Remitter and Customer Due Diligence
Hirett Ltd applies measures based on a risk-sensitive basis, identifying situations which can present a (higher than usual) risk of money laundering or terrorist financing. As part of this, under our risk-based approach, if our standard method for evidence of identity is insufficient in relation to the money laundering or terrorist financing risk, we can obtain additional information about that particular remitter.
Hirett Ltd use a service provider (i.e. Credit Safe) to check client’s details and ensure that all information provided coincides with details provided by the client. Any inconsistencies must be raised to the MLRO through an internal SAR (see company SAR process). If staff suspect fake or fraudulent ID has been presented, they must not disclose or discuss their concerns with anyone else, including the presenter of the ID as this may count as “tipping off” which is a severally punishable offense.
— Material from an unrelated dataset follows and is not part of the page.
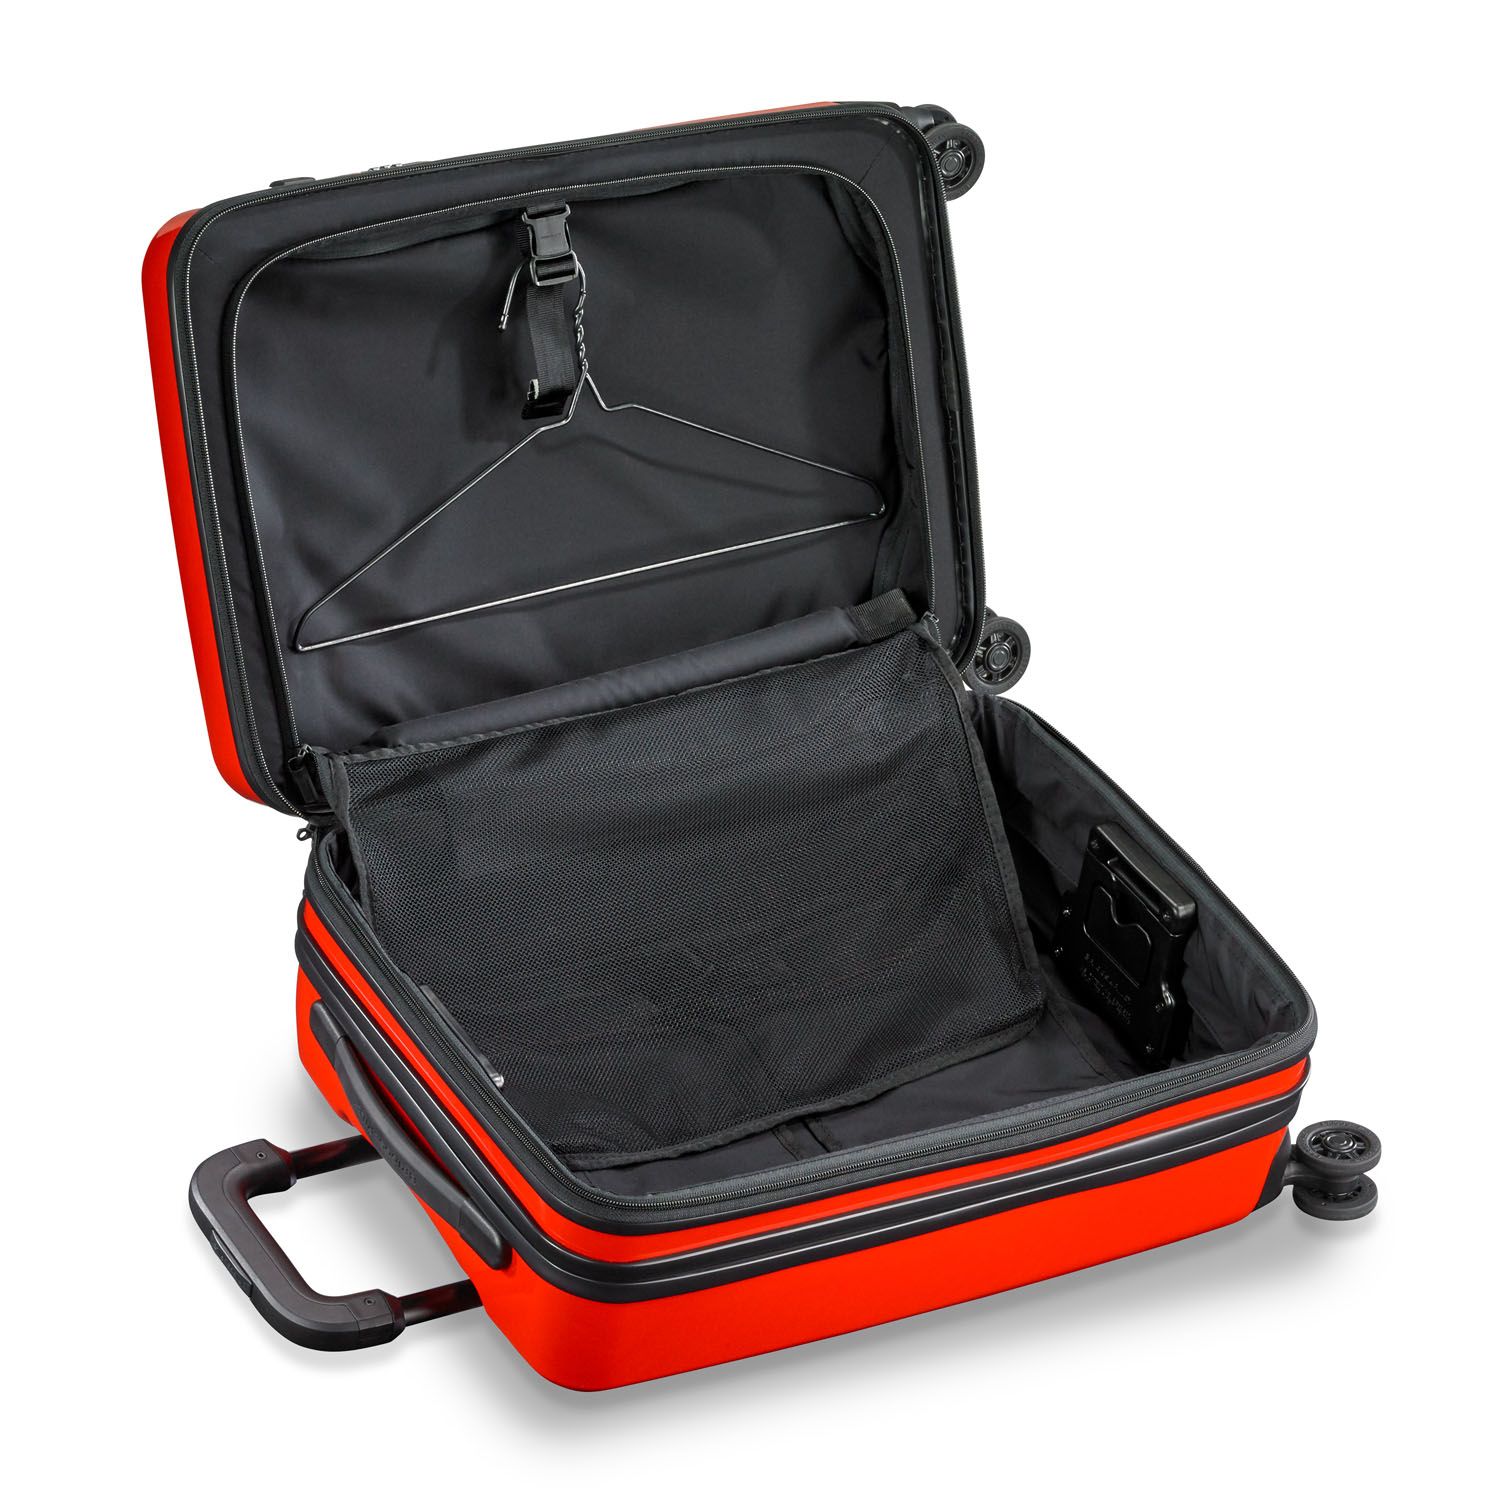 The Sympatico Domestic Carry-On Expandable Spinner: now in a perfect size for International travel. CX™ technology meets hardside luggage for the first time, letting you expand for 22% more space and then compress back to original size. Key features include: CX™ expansion-compression system increases packing capacity by 22%, then compresses back to original size to keep contents secure. Suiter in zip-around mesh panel on inside lid with speed buckle hanger holds 1 suit or garment or 1-2 shirts and cinches them securely in place. Outsider® handle provides greater interior capacity and a smooth surface for packing so clothes arrive wrinkle-free. Built-in TSA-friendly combination lock secures contents, letting agents safely access your bag; no more cut cable locks. 3-layer, 100% virgin Makrolon® polycarbonate material is high-strength, lightweight, and provides elasticity and resiliency.

As a part of the risk-based approach, we hold sufficient information about the circumstances and business of the remitter for two reasons:
- To manage money laundering/terrorist financing risks effectively
- Provide a basis for monitoring remitter activity and transactions, thus detecting the use of our services for money laundering and terrorist financing
The extent of additional information needed i.e. the need for extra identification and of any monitoring carried out in respect of any particular client or class/category of client, will depend on the money laundering or terrorist financing risk that the client, or class/category of client, is assessed to present.
Conclusions of the results of the risk assessment and summary of actions required as a result of this assessment
The methodology used to assess effectiveness and adequacy of mitigation measures and control mechanisms is based on FCA and EBA guidelines, recommendations from published analyses of previous cases, our own experience and the experience of other firms in our industry.
Our assessment of the current adequacy and effectiveness of mitigation measures and control mechanisms is satisfactory. We intend to continue to apply the best practices and stay on top of the latest developments related to risks and security in our industry.
In terms of security risks, the measures taken by us, are adequate in preventing, reporting and predicting any security breaches or risk of fraud or money-laundering. At this time, no deficiencies have been identified and we don’t require corrective actions.